§ Instructions for the task
Transcribe the listing exactly, so that nothing but the pictures is missing.

§ Data
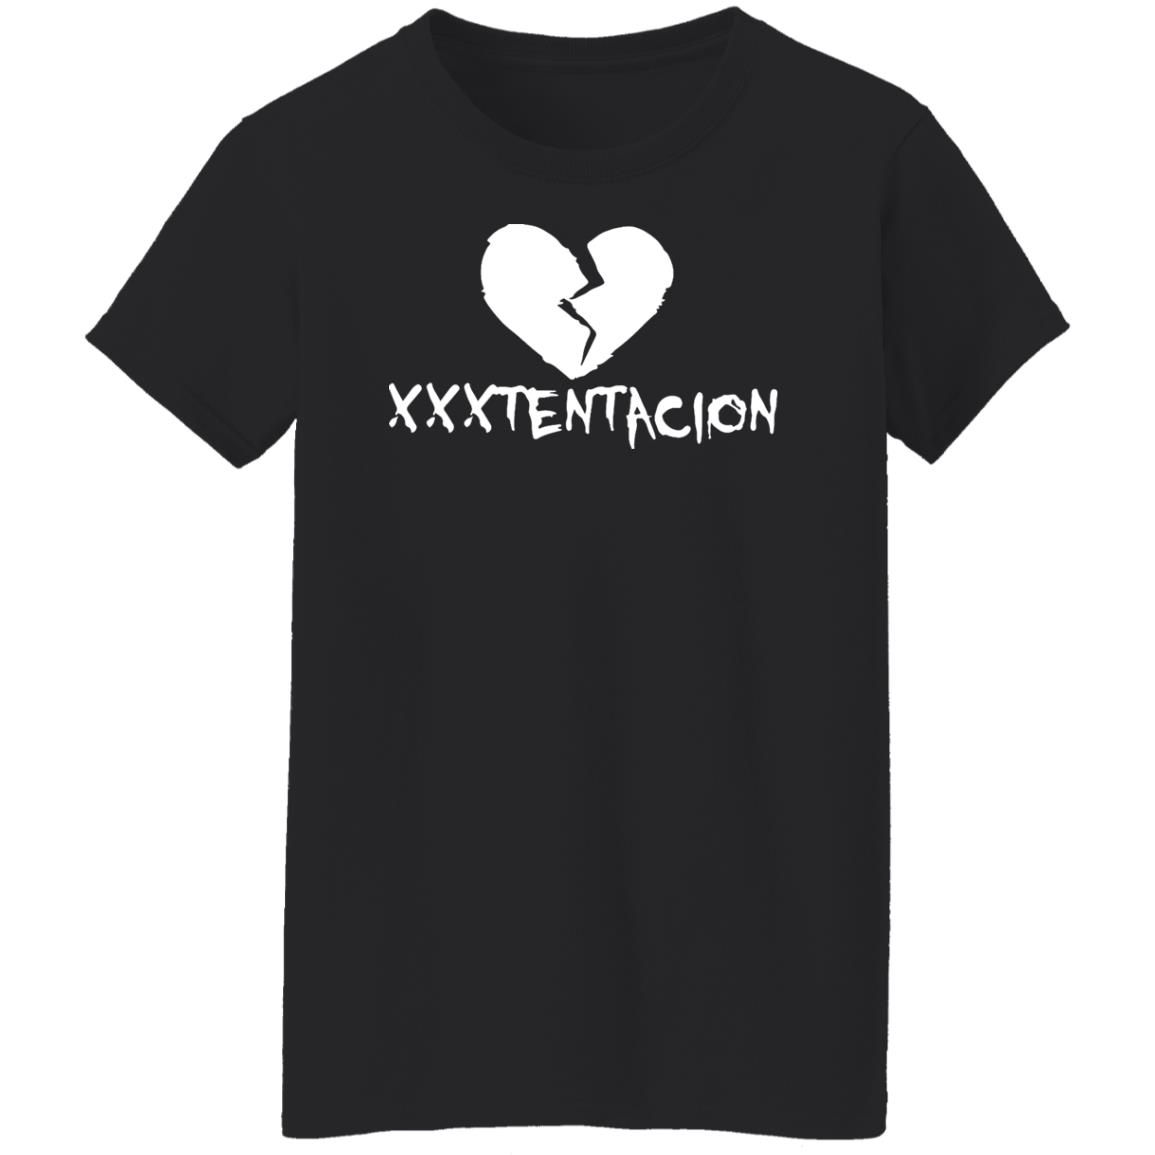 Official Vibration: Xxxtentacion's Exclusive Merch Store
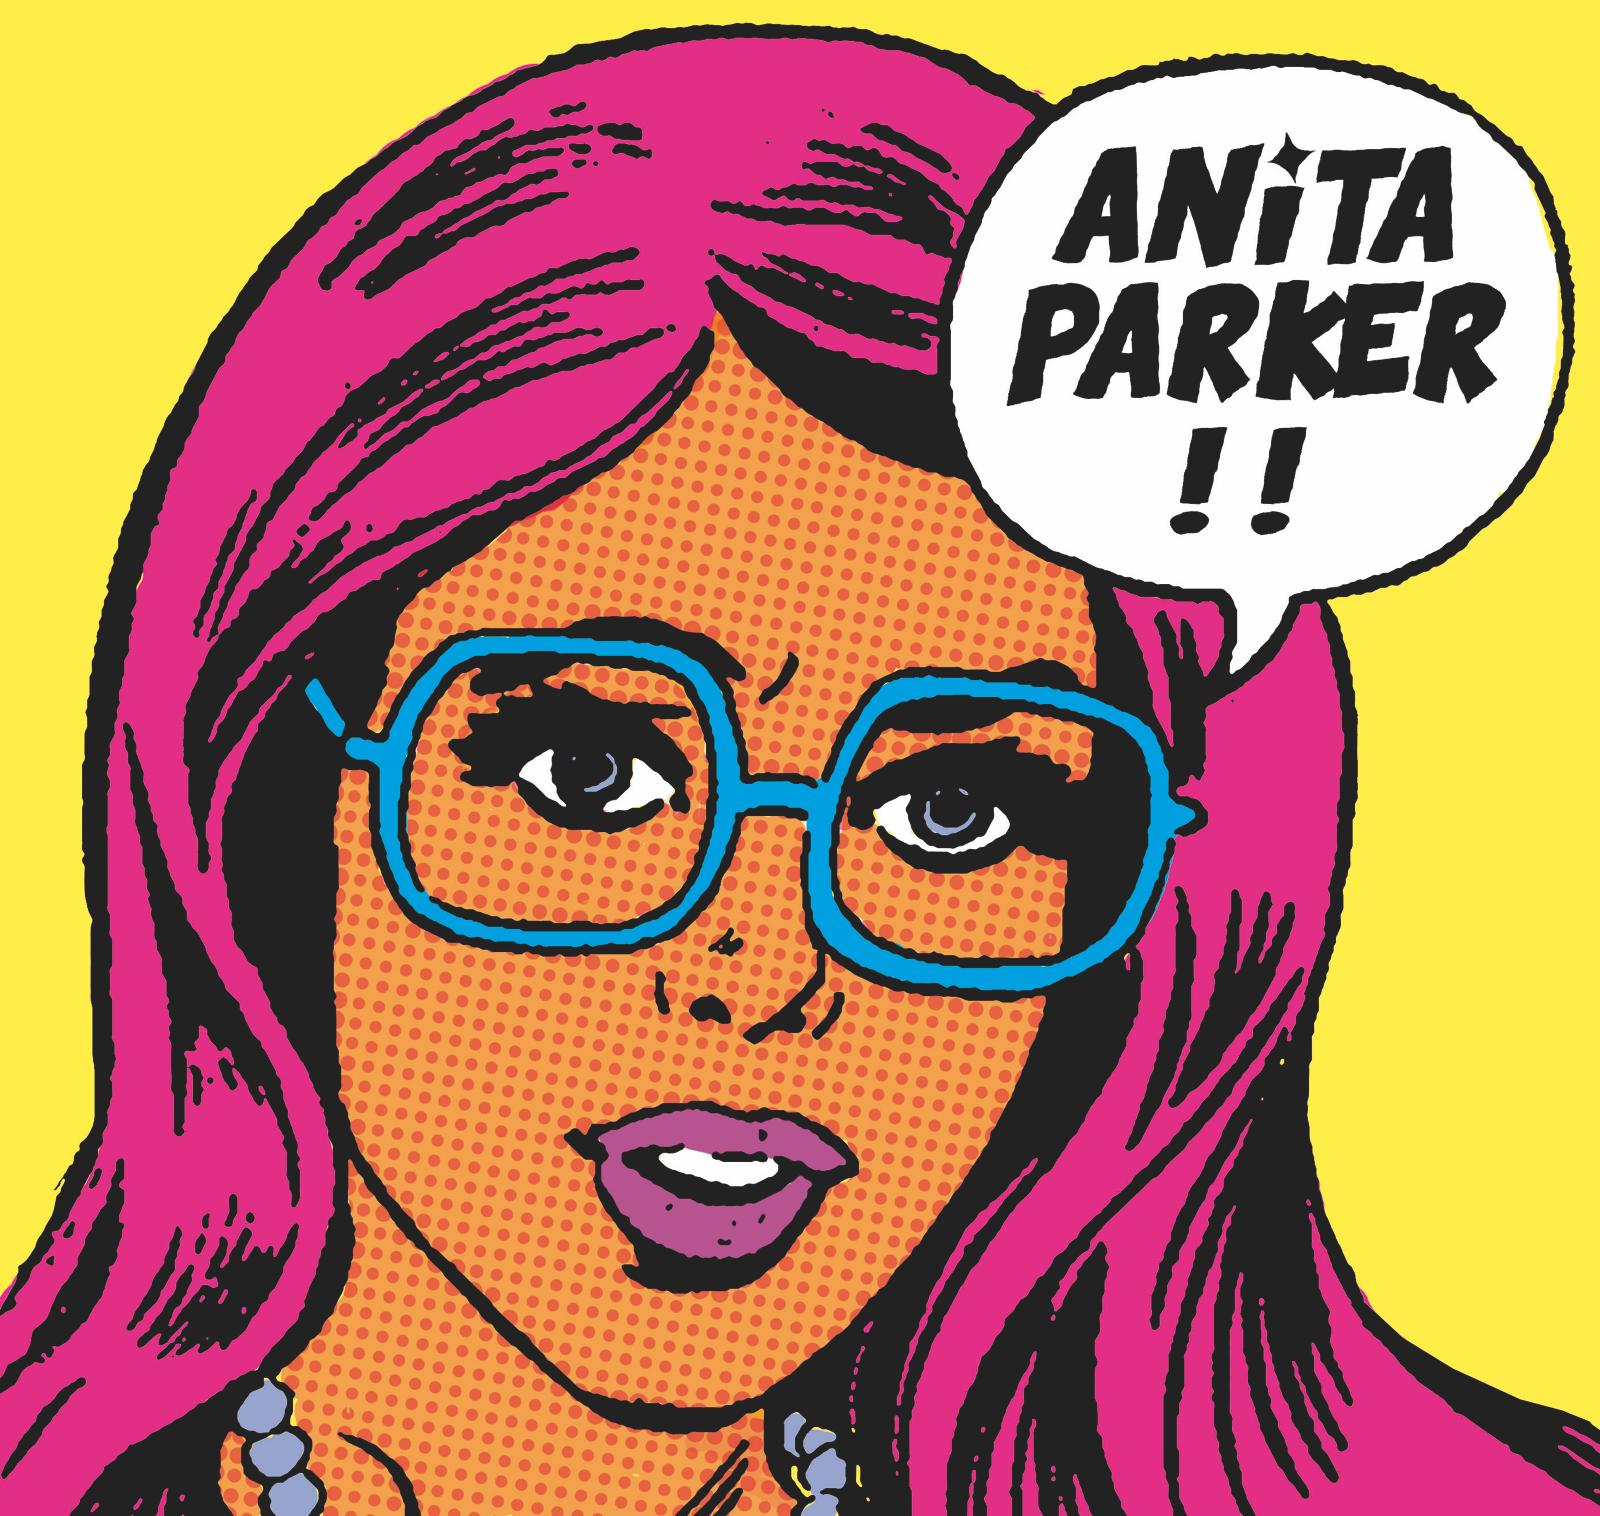 Anita Parker!!
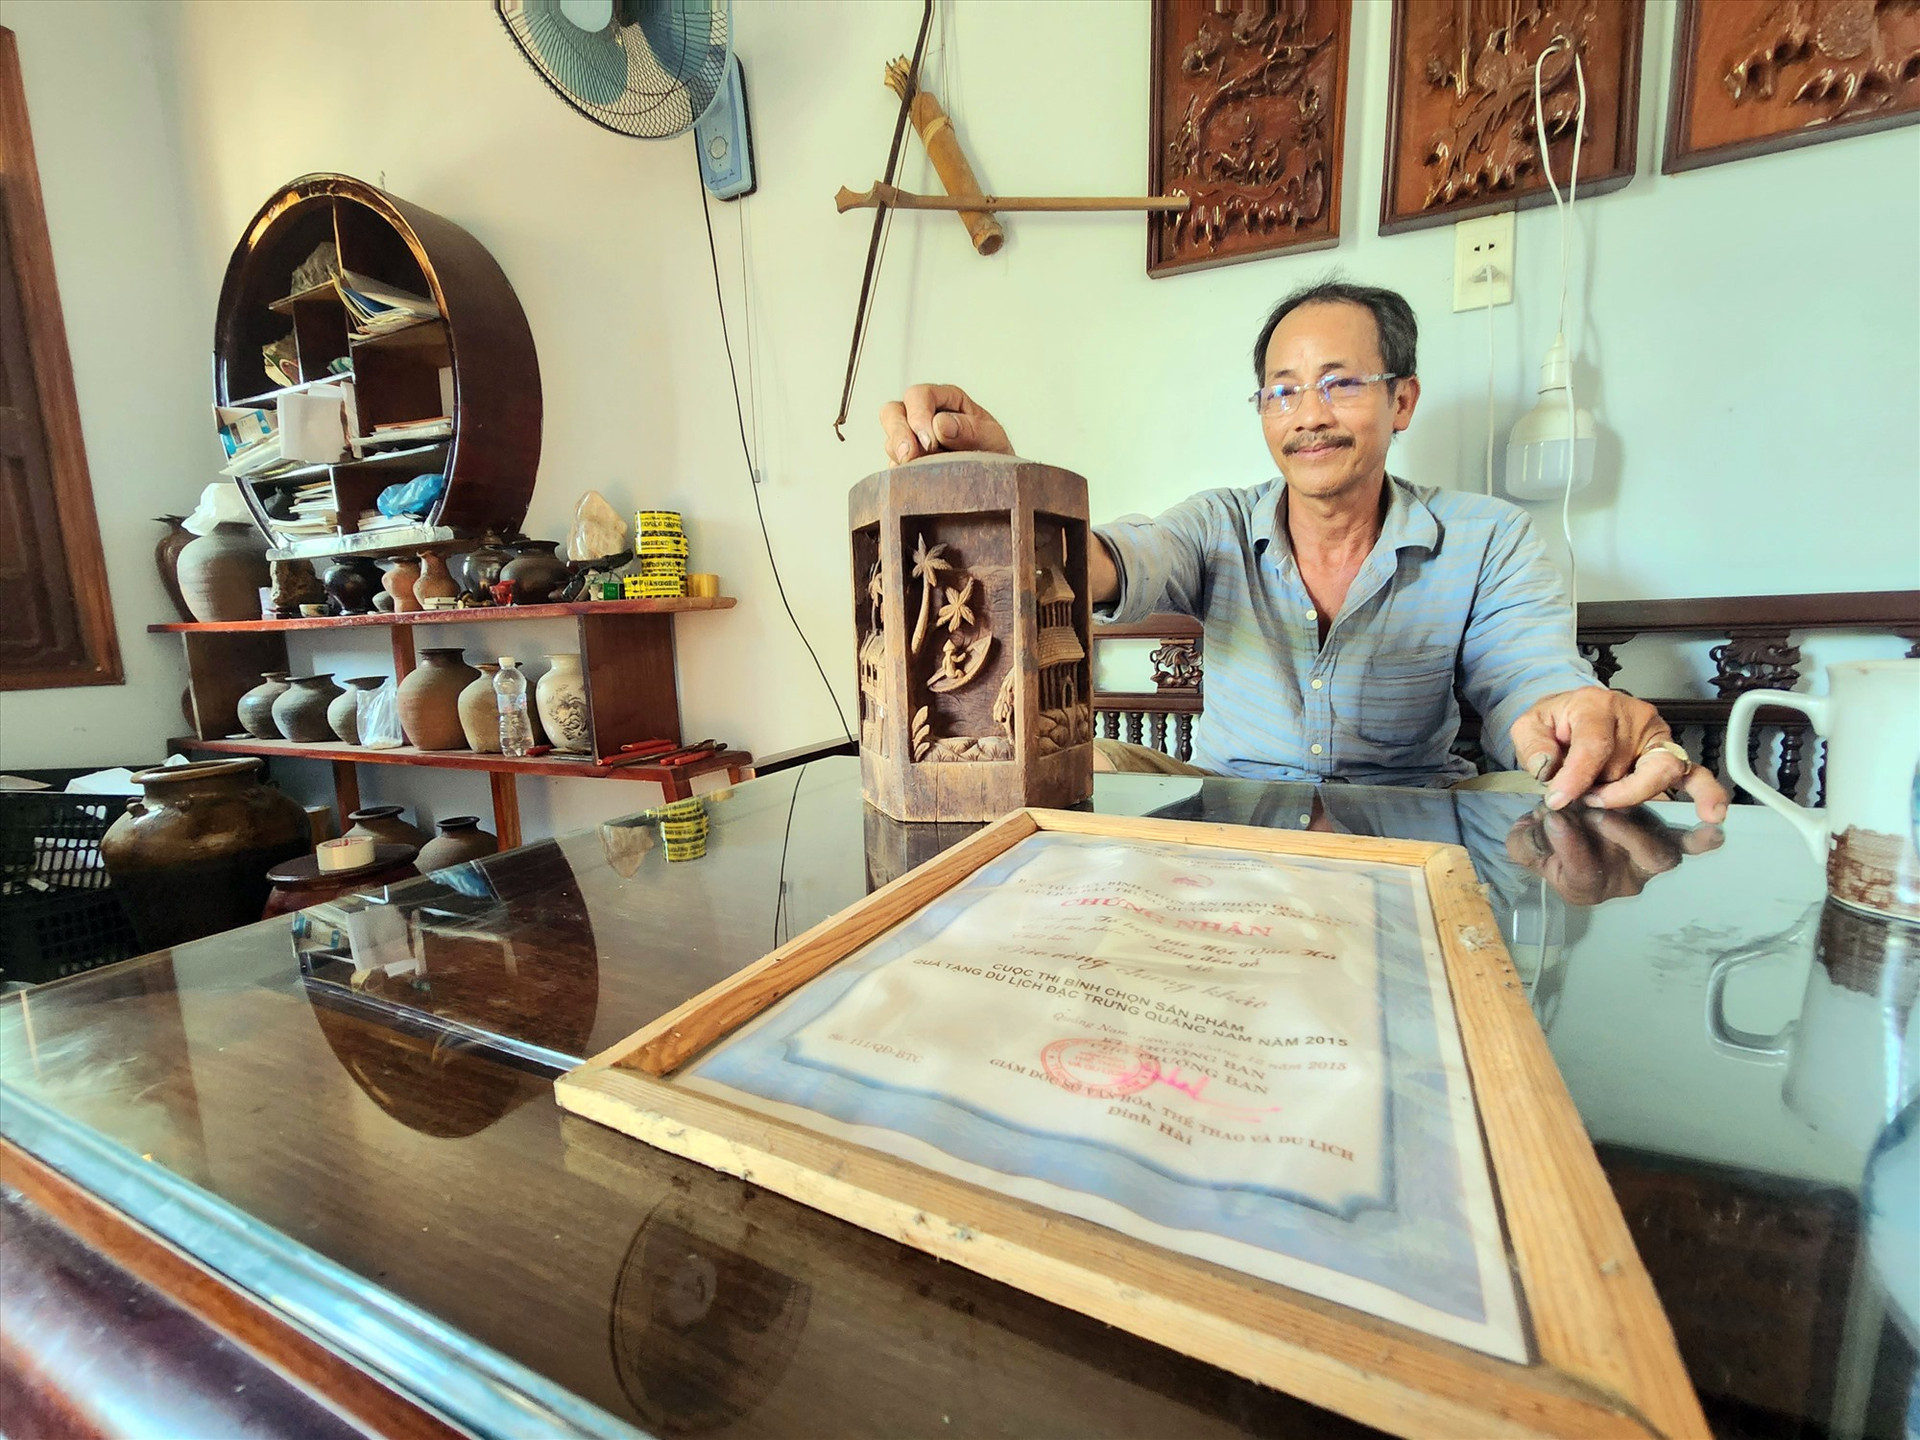 Ông Phạm Miên đã giã từ nghề mộc 3 năm nay ngồi kể chuyện bên những dấu ấn một thời vàng son với nghề. Ảnh: Q.T
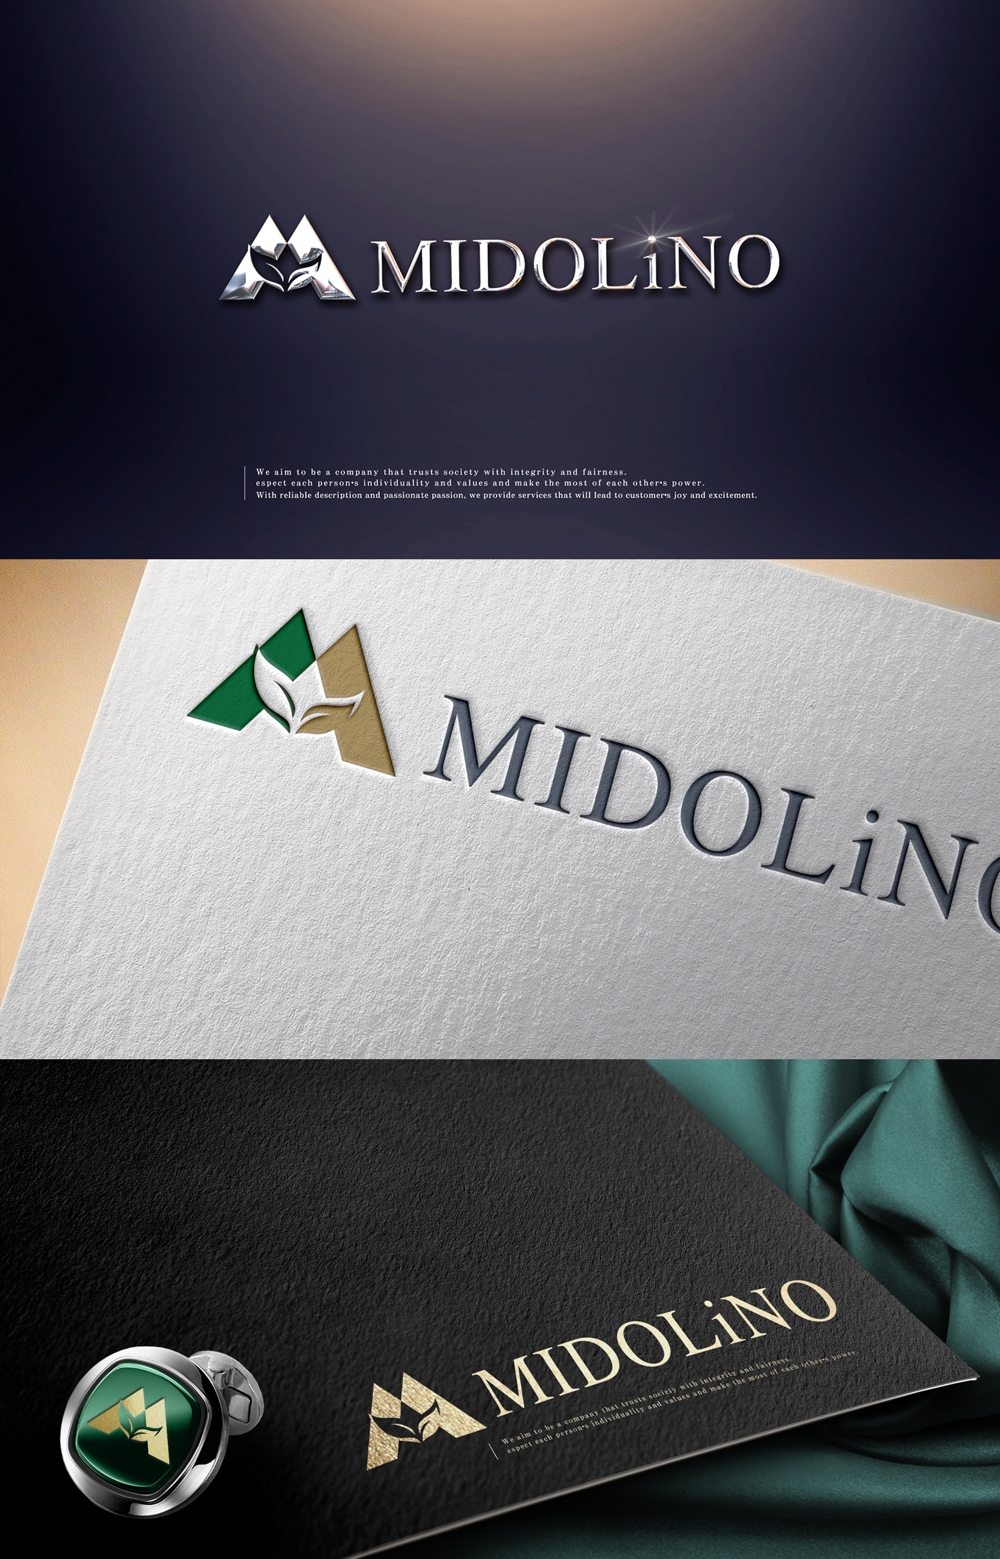 新規に立ち上げる外構工事会社「MIDOLiNO」のロゴマーク作成依頼

§ Exercise response
 Official Vibration: Xxxtentacion's Exclusive Merch Store
 Anita Parker!!
 Ông Phạm Miên đã giã từ nghề mộc 3 năm nay ngồi kể chuyện bên những dấu ấn một thời vàng son với nghề. Ảnh: Q.T
 新規に立ち上げる外構工事会社「MIDOLiNO」のロゴマーク作成依頼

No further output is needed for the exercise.